Murphy Browne © August 28, 2012
THE LYNCHING OF EMMETT TILL AUGUST 28-1955
We know some of the story of African American Civil Rights activist Rosa Parks’ arrest for refusing to give up her seat in the "Colored" section of a Montgomery, Alabama bus to a White man who could not find a seat in the "White" section of the crowded bus. Over the almost 57 years since then (December 1, 1955) there have been various stories written about her reasons including that she was tired after a hard day’s work as a seamstress. However Ms Parks debunked that myth when she said: "I thought about Emmett Till and I could not go back. My legs and feet were not hurting, that is a stereotype. I paid the same fare as others and I felt violated."

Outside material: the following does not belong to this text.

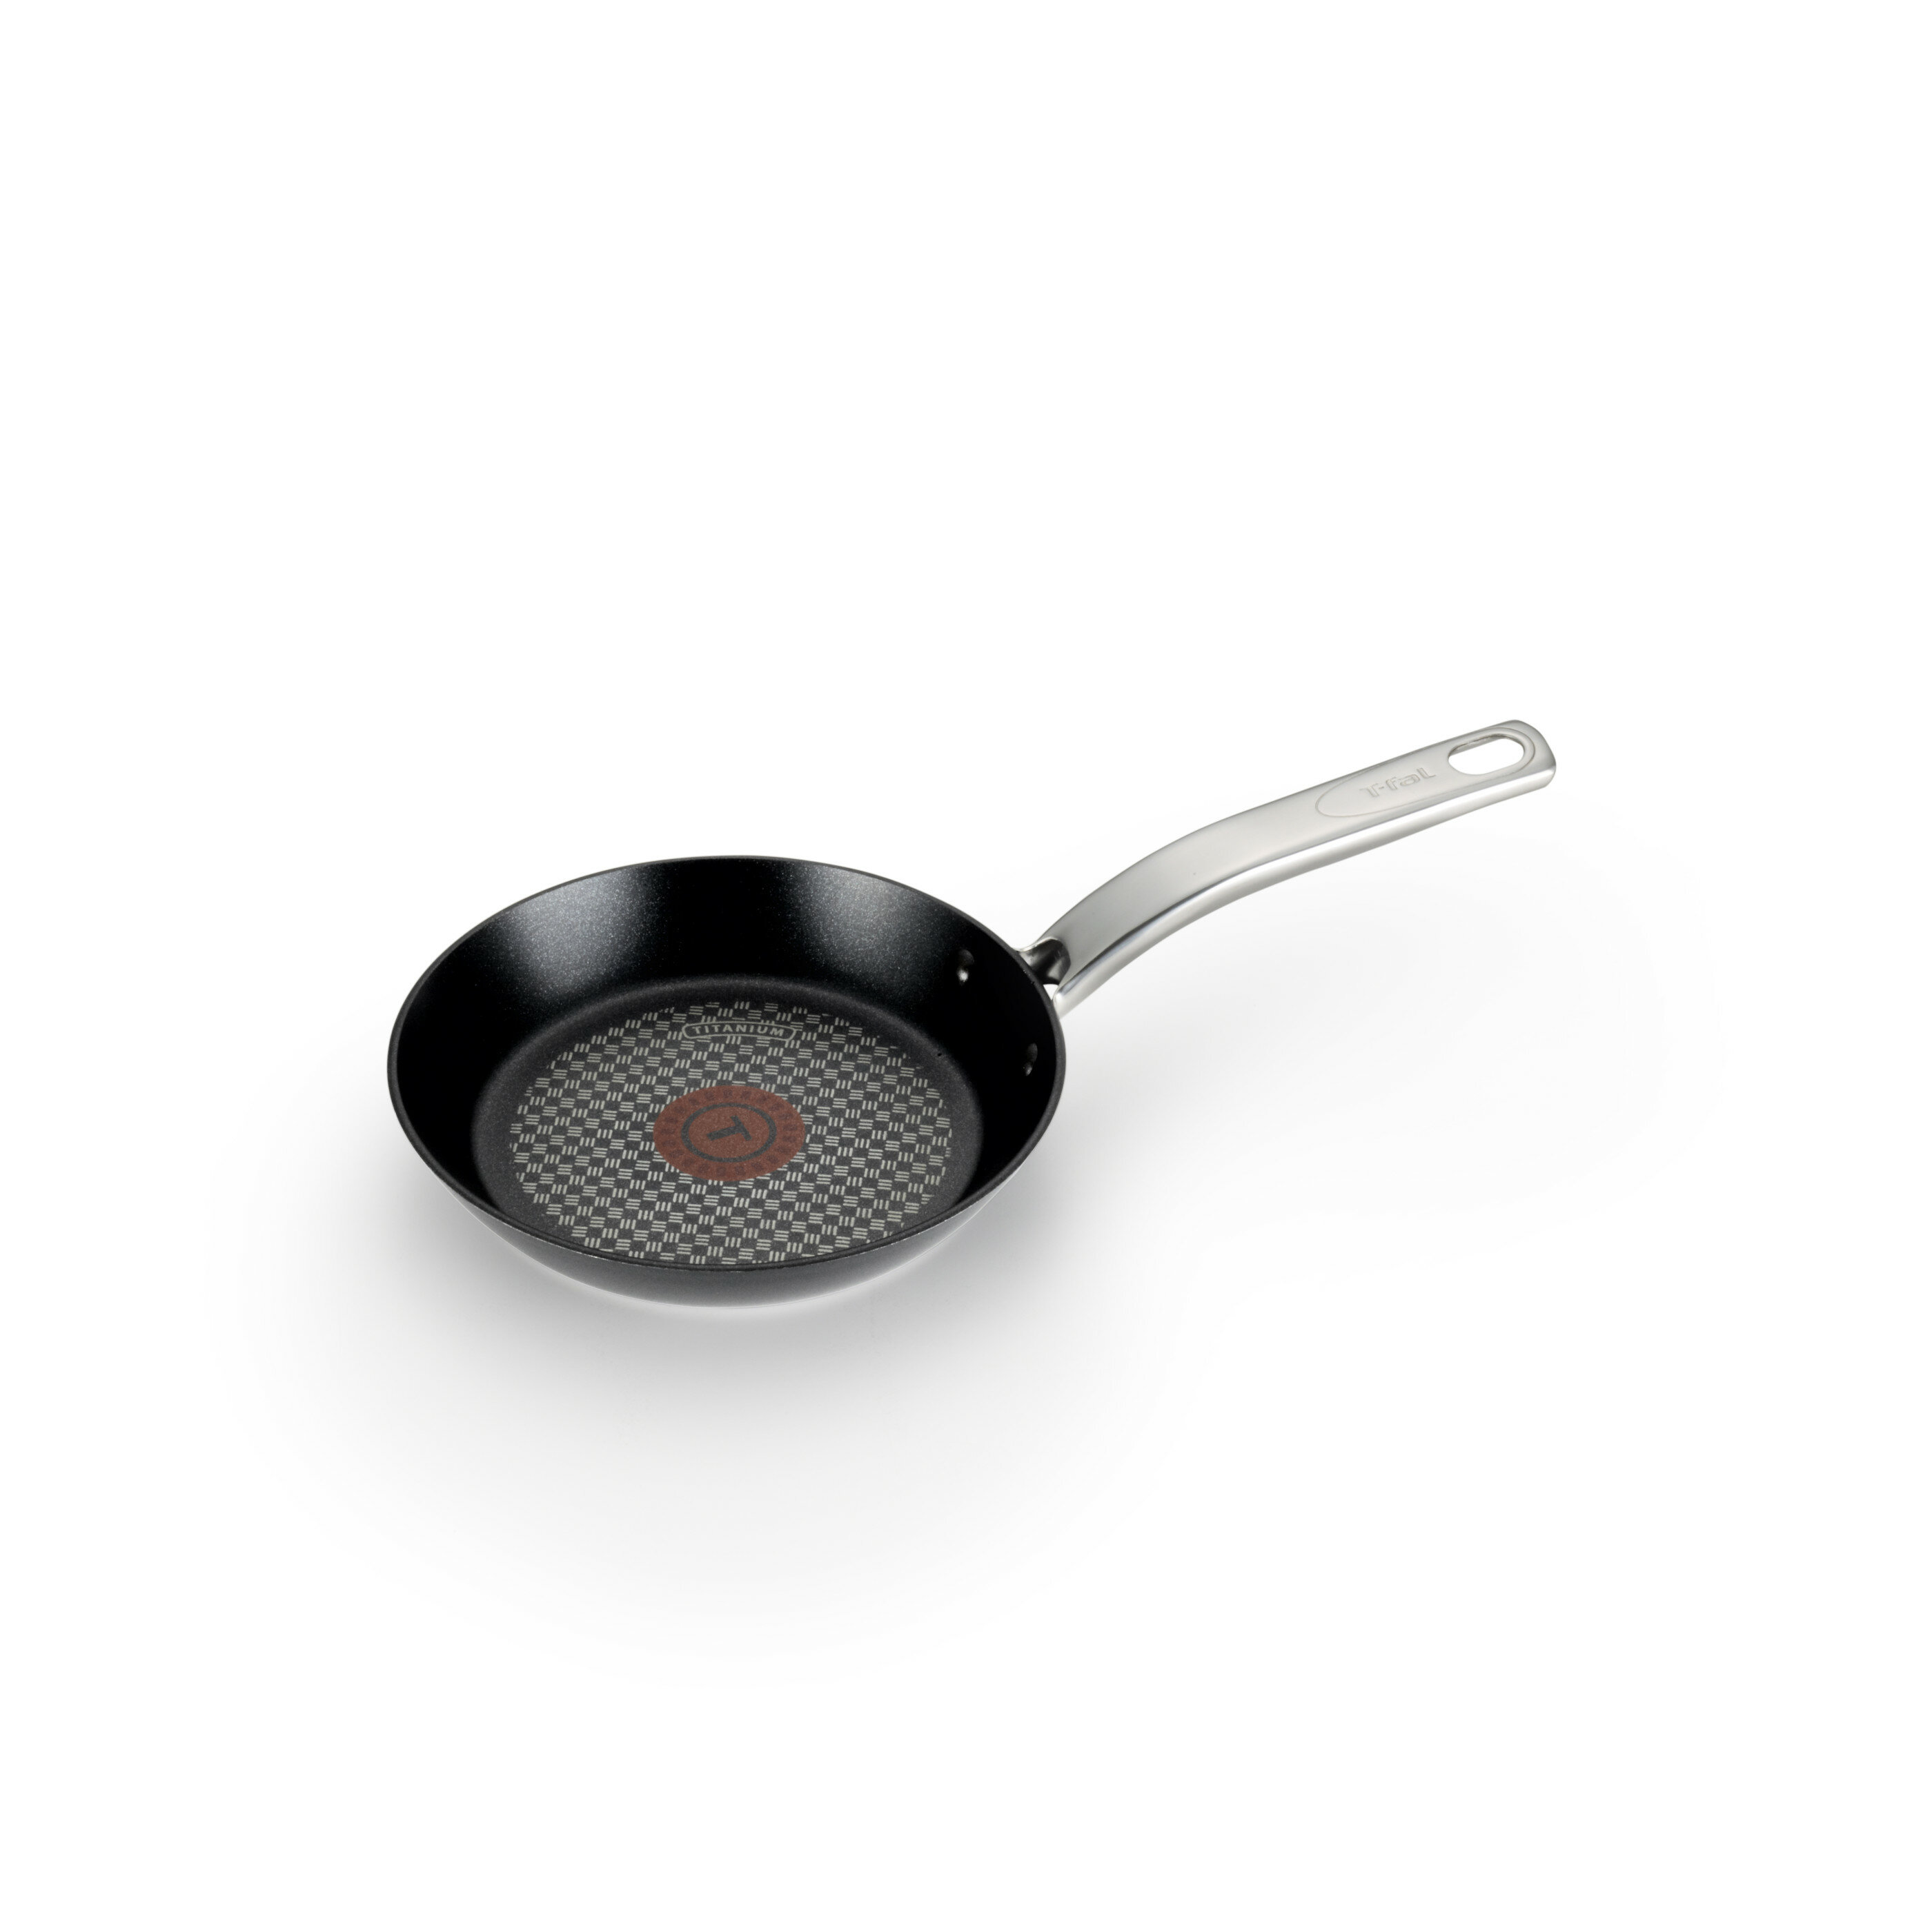 Tefal Premium Specialty 30 cm Hard Anodised Induction Chef Pan

The impact of the brutal murder on August 28, 1955 of the African American teenager Emmett Louis Till was felt by African Americans of all ages and is considered pivotal in the Civil Rights struggle. Famous African American boxer Muhammed Ali shared his memories of the impact: "Emmett Till and I were about the same age. A week after he was murdered. I stood on the corner with a gang of boys, looking at pictures of him in the black newspapers and magazines. In one, he was laughing and happy. In the other, his head was swollen and bashed in, his eyes bulging out of their sockets and his mouth twisted and broken. His mother had done a bold thing. She refused to let him be buried until hundreds of thousands marched past his open casket in Chicago and looked down at his mutilated body. [I] felt a deep kinship to him when I learned he was born the same year and day I was. My father talked about it at night and dramatized the crime. I couldn't get Emmett out of my mind."
Ali and thousands of African Americans had read about and seen the grisly photographs of Till’s gruesomely mutilated body in several issues of African American owned Jet Magazine (September 15 1955, September 22, 1955, September 29, 1955, October 6, 1955, October 13, 1955, November 24 1955, January 26, 1956, June 21, 1956, June 28, 1956 and February 28 1957.)
The late celebrated African American lawyer Johnnie L. Cochrane also shared his memories of the impact felt when he heard of Till’s murder: "I was a senior at Los Angeles High School in California. It had a profound affect on me because I understood that it could have happened to any of us. It shook my confidence. It was as though terrorists had struck -- but it was terrorists from our own country. It made me want to do everything I could to make sure this event would not happen ever again." Similar to the murder of 17 year old unarmed African American Trayvon Martin, Till’s lynching garnered international attention (the story of Till’s lynching was reported in the international press including newspapers in Belgium, Germany and France) even though countless African Americans had been lynched by White Americans.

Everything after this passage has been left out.